Given information —
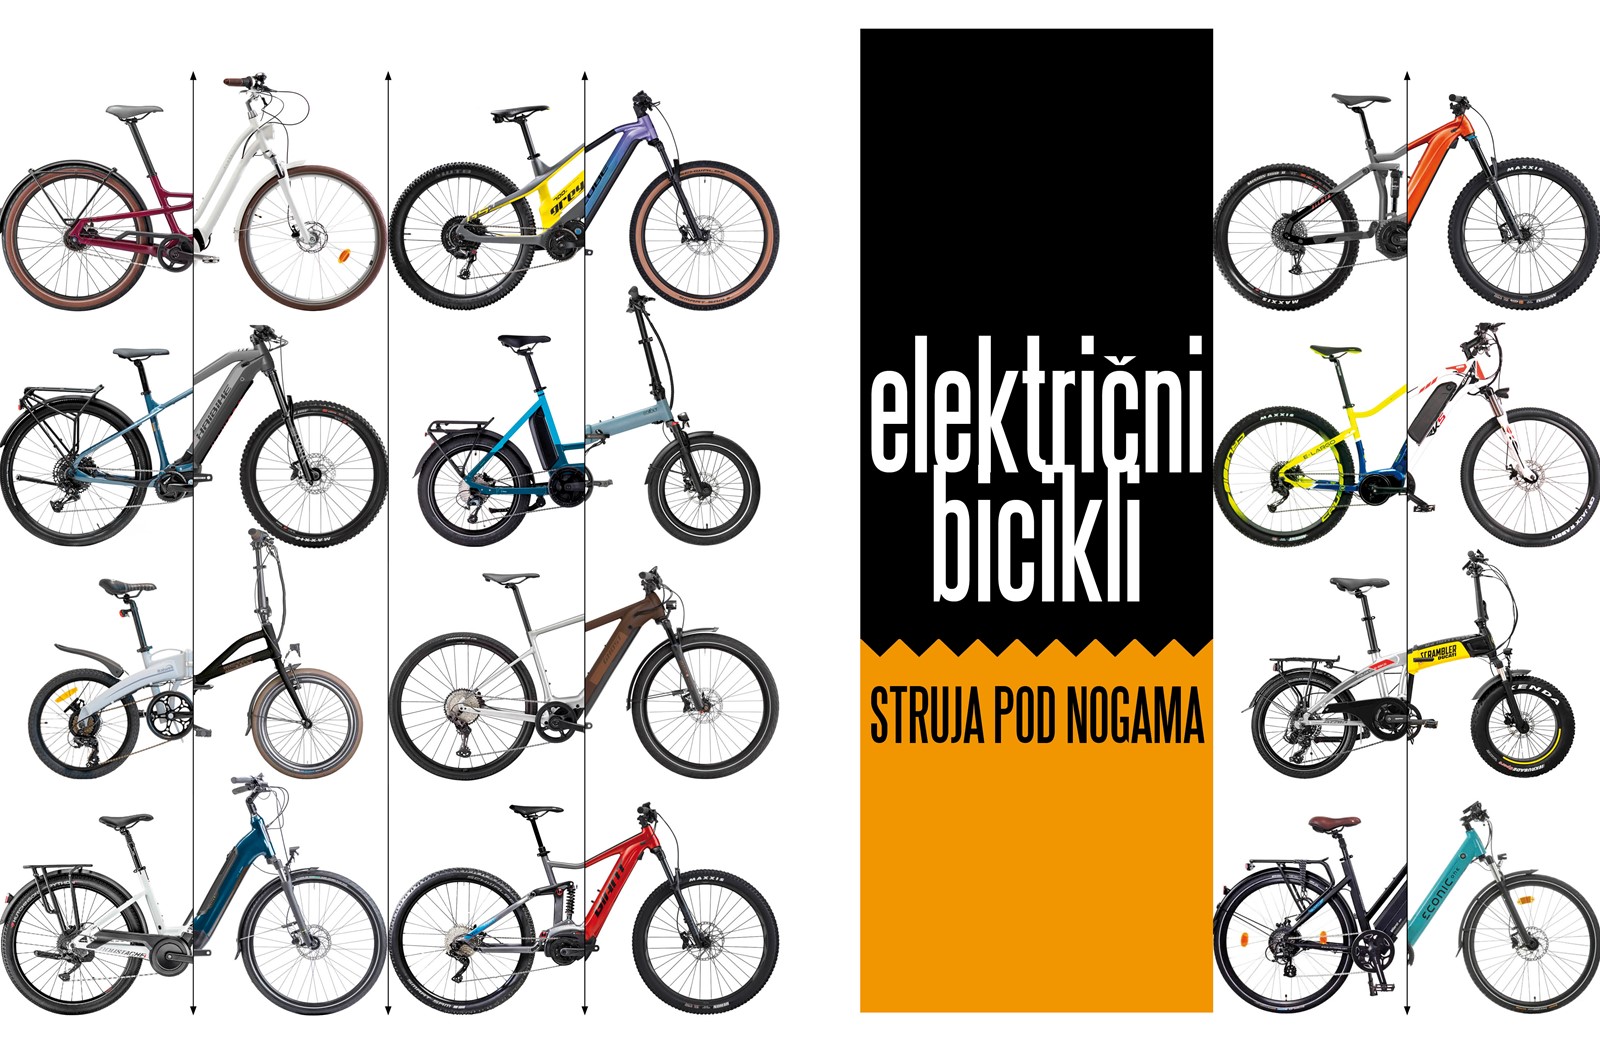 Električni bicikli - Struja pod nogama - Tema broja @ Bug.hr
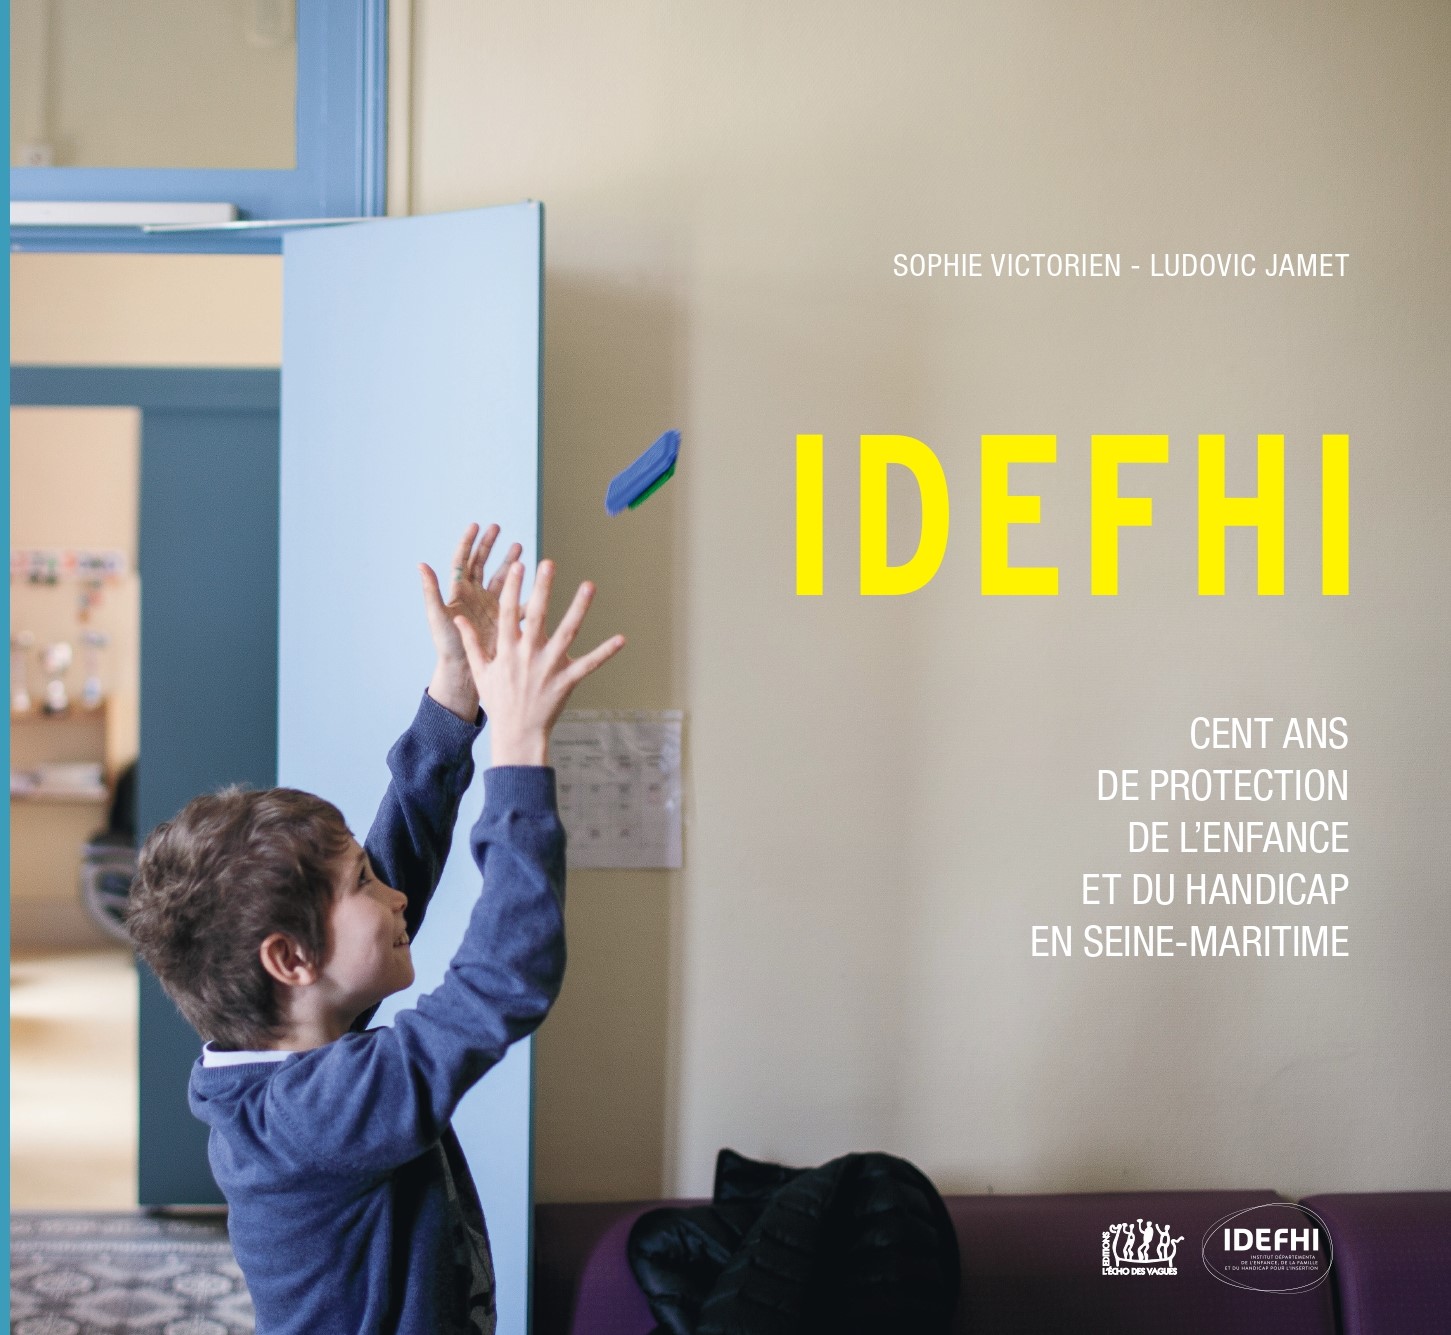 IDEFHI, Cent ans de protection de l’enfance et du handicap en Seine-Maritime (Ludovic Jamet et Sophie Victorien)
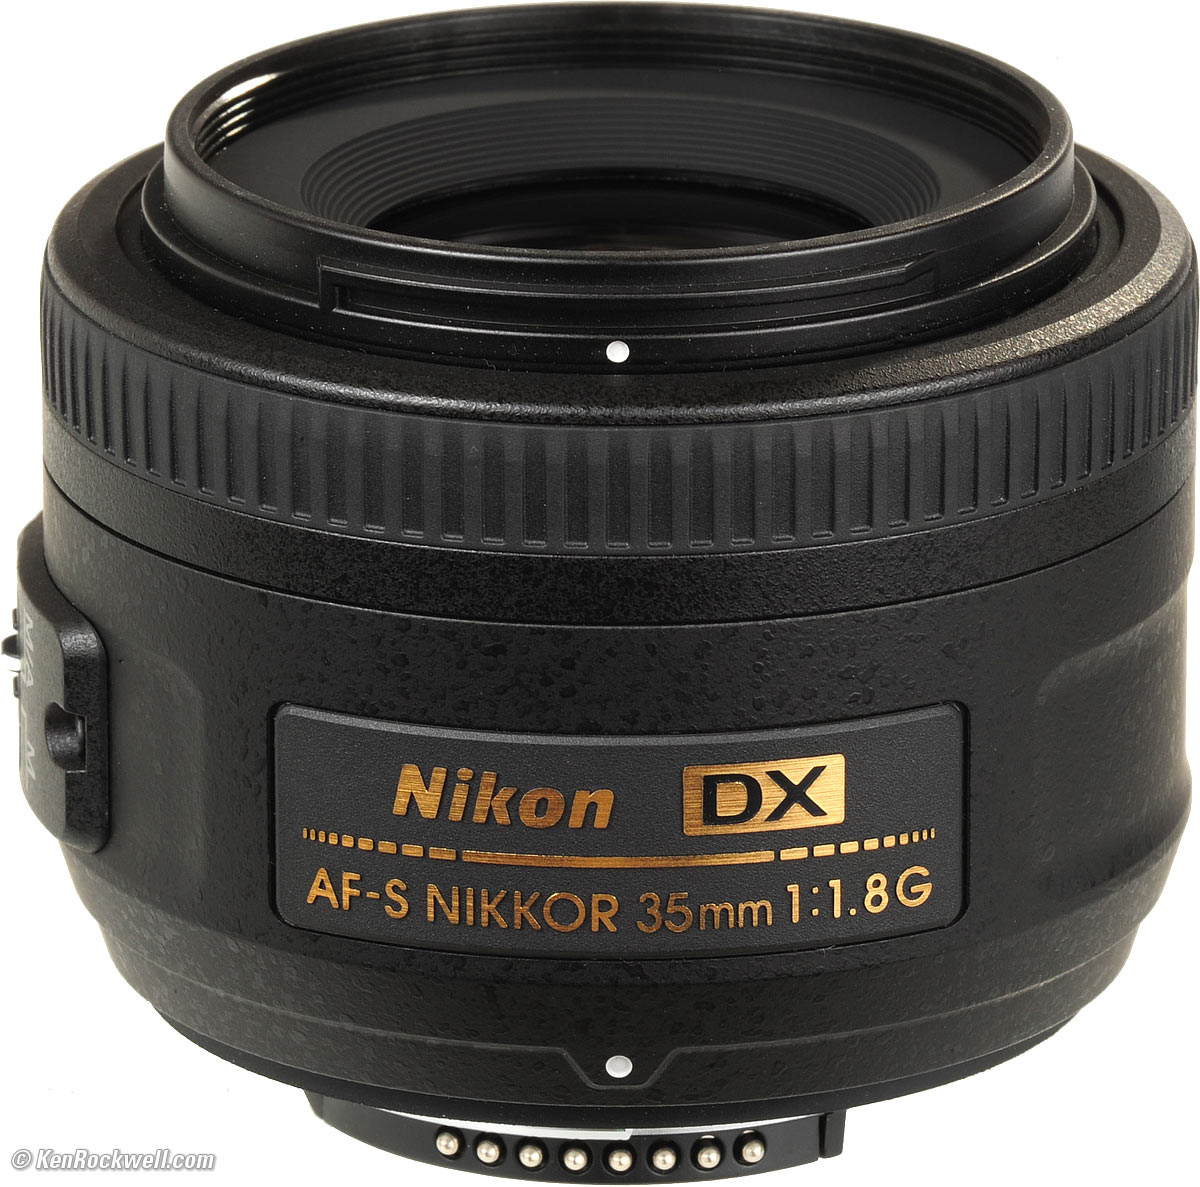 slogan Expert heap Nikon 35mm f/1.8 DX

Your objective — Leave the pictures out and reproduce exactly the lines from the line with "IDEFHI, Cent ans" to the end of the material above.

Answer below —
 IDEFHI, Cent ans de protection de l’enfance et du handicap en Seine-Maritime (Ludovic Jamet et Sophie Victorien)
 slogan Expert heap Nikon 35mm f/1.8 DX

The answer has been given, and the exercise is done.